Slide 7: Actor-Critic Architecture

Actor-Critic combines policy gradient methods with value function approximation. The actor learns the policy while the critic evaluates the policy through value estimation, reducing variance in policy updates.

class ActorCritic(nn.Module):
    def __init__(self, state_dim, action_dim):
        super(ActorCritic, self).__init__()
        self.actor = nn.Sequential(
            nn.Linear(state_dim, 128),
            nn.ReLU(),
            nn.Linear(128, action_dim),
            nn.Softmax(dim=-1)
        )
        self.critic = nn.Sequential(
            nn.Linear(state_dim, 128),
            nn.ReLU(),
            nn.Linear(128, 1)
        )
        
    def forward(self, state):
        value = self.critic(state)
        policy_dist = self.actor(state)
        return value, policy_dist

class A2CTrainer:
    def __init__(self, state_dim, action_dim, learning_rate=3e-4):
        self.ac_net = ActorCritic(state_dim, action_dim)
        self.optimizer = optim.Adam(self.ac_net.parameters(), lr=learning_rate)
        
    def compute_returns(self, rewards, values, gamma=0.99):
        returns = []
        R = 0
        for r, v in zip(reversed(rewards), reversed(values)):
            R = r + gamma * R
            returns.insert(0, R - v.item())
        return returns

Slide 8: Proximal Policy Optimization (PPO)

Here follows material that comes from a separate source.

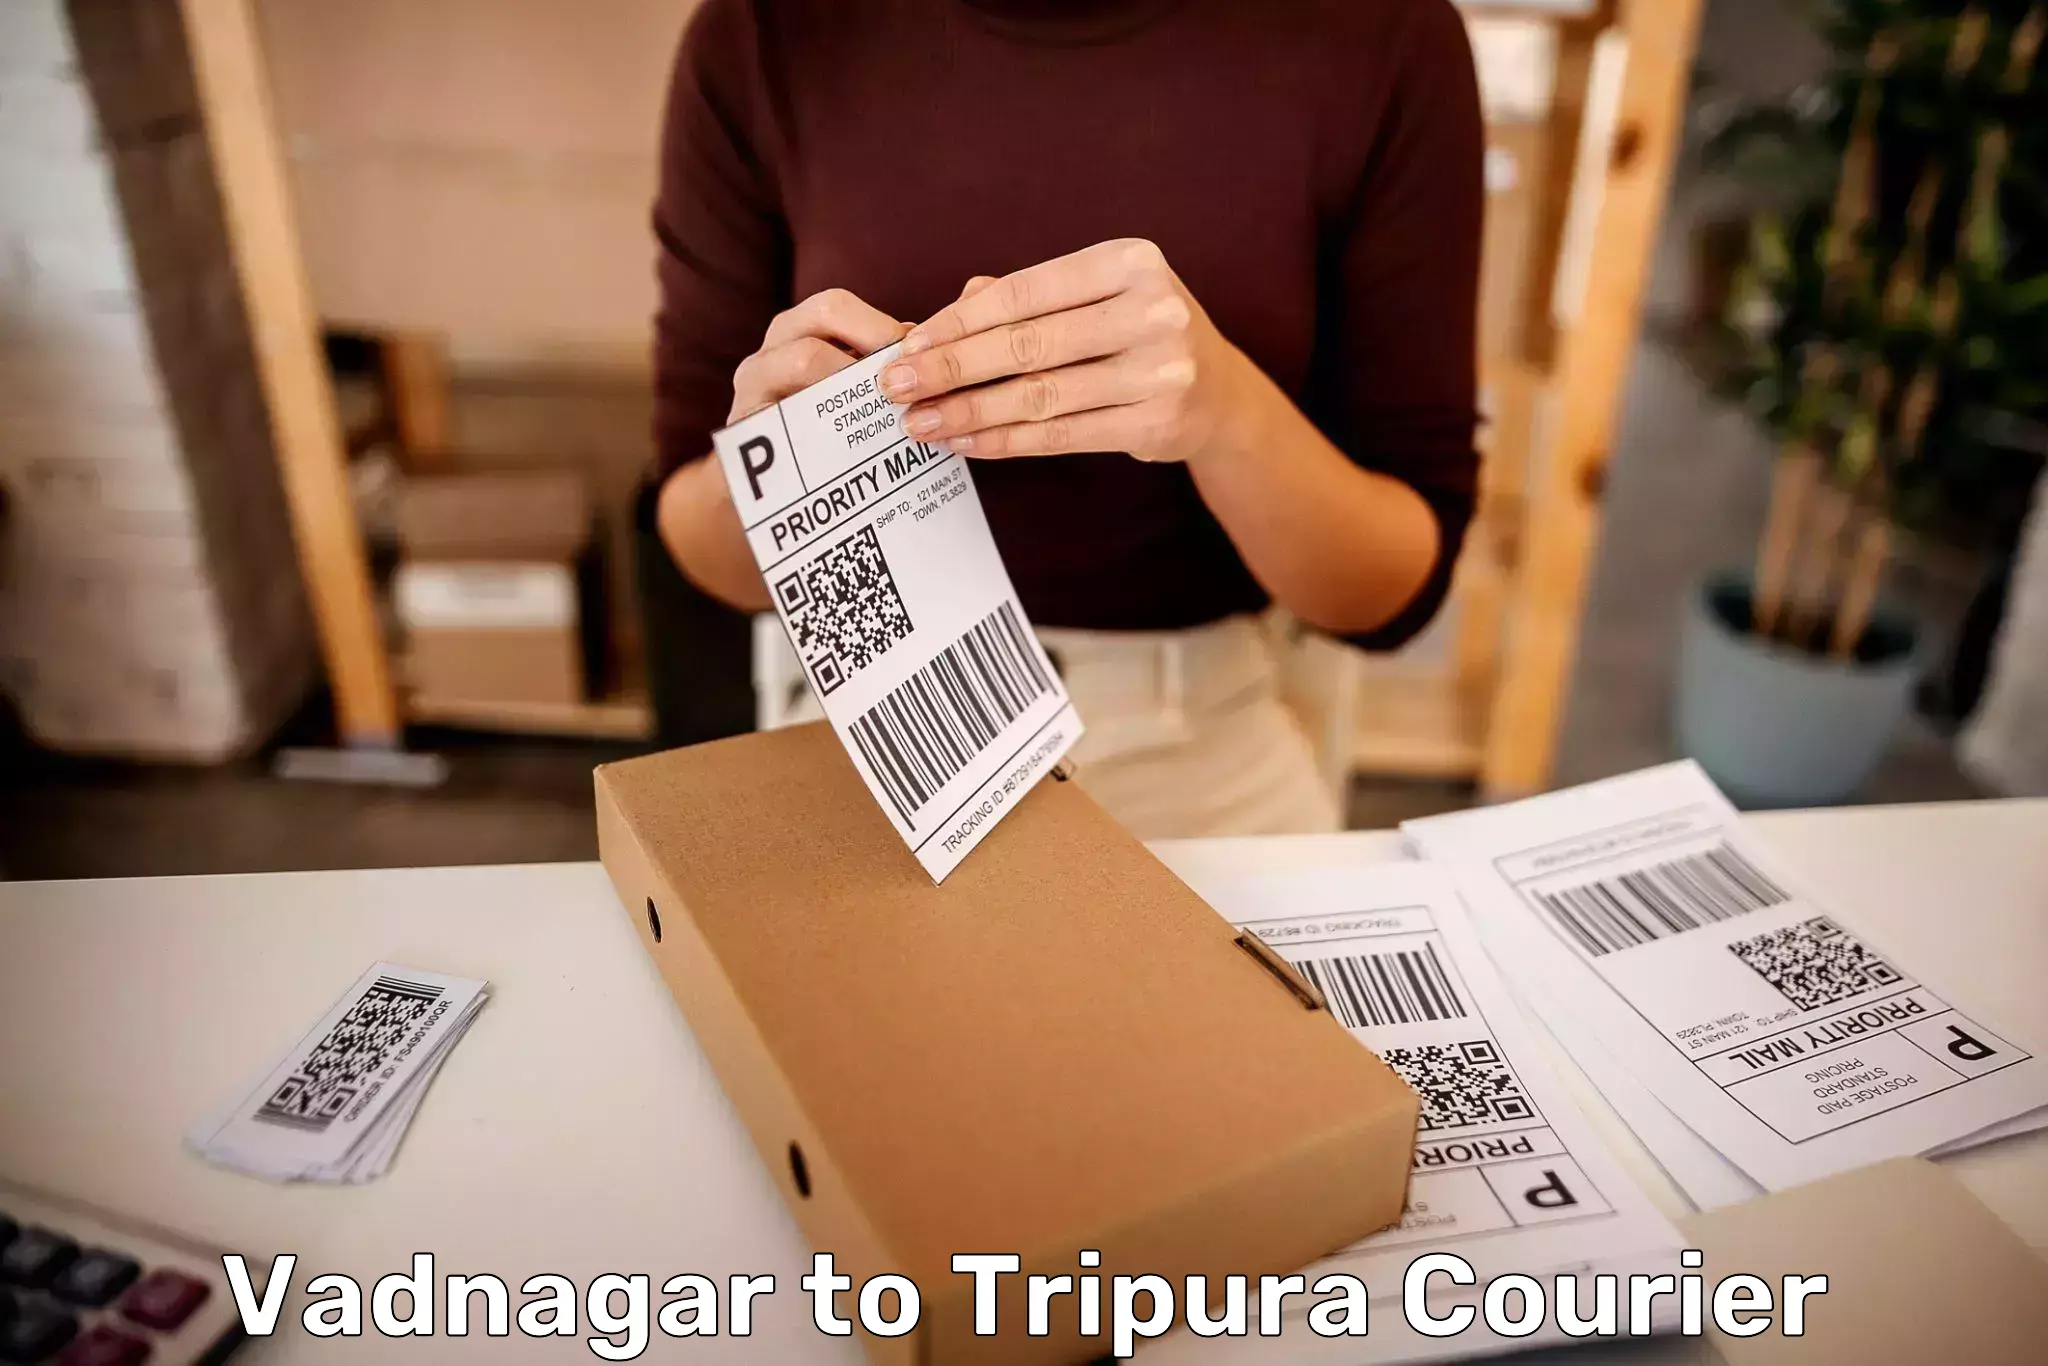 Baggage relocation service in Vadnagar to NIT Agartala

Proximal Policy Optimization implements a clipped objective function to constrain policy updates, ensuring stable learning by preventing excessive policy changes while maintaining good sample efficiency and performance.

class PPONetwork(nn.Module):
    def __init__(self, state_dim, action_dim):
        super(PPONetwork, self).__init__()
        self.shared = nn.Sequential(
            nn.Linear(state_dim, 64),
            nn.Tanh(),
            nn.Linear(64, 64),
            nn.Tanh()
        )
        self.actor = nn.Sequential(
            nn.Linear(64, action_dim),
            nn.Softmax(dim=-1)
        )
        self.critic = nn.Linear(64, 1)
        
    def forward(self, x):
        shared = self.shared(x)
        return self.actor(shared), self.critic(shared)

class PPO:
    def __init__(self, state_dim, action_dim, clip_ratio=0.2, lr=3e-4):
        self.network = PPONetwork(state_dim, action_dim)
        self.optimizer = optim.Adam(self.network.parameters(), lr=lr)
        self.clip_ratio = clip_ratio
    
    def update(self, states, actions, advantages, old_probs, returns):
        states = torch.FloatTensor(states)
        actions = torch.LongTensor(actions)
        advantages = torch.FloatTensor(advantages)
        old_probs = torch.FloatTensor(old_probs)
        returns = torch.FloatTensor(returns)
        
        # PPO policy loss computation
        new_probs, values = self.network(states)
        ratio = new_probs / old_probs
        clip_adv = torch.clamp(ratio, 1-self.clip_ratio, 1+self.clip_ratio) * advantages
        policy_loss = -torch.min(ratio * advantages, clip_adv).mean()
        
        # Value loss computation
        value_loss = ((returns - values) ** 2).mean()
        
        # Combined loss and update
        loss = policy_loss + 0.5 * value_loss
        self.optimizer.zero_grad()
        loss.backward()
        self.optimizer.step()

Slide 9: Multi-Agent Reinforcement Learning

Multi-agent reinforcement learning extends single-agent concepts to scenarios where multiple agents interact, compete, or cooperate. This implementation shows a basic framework for independent Q-learning in a multi-agent setting.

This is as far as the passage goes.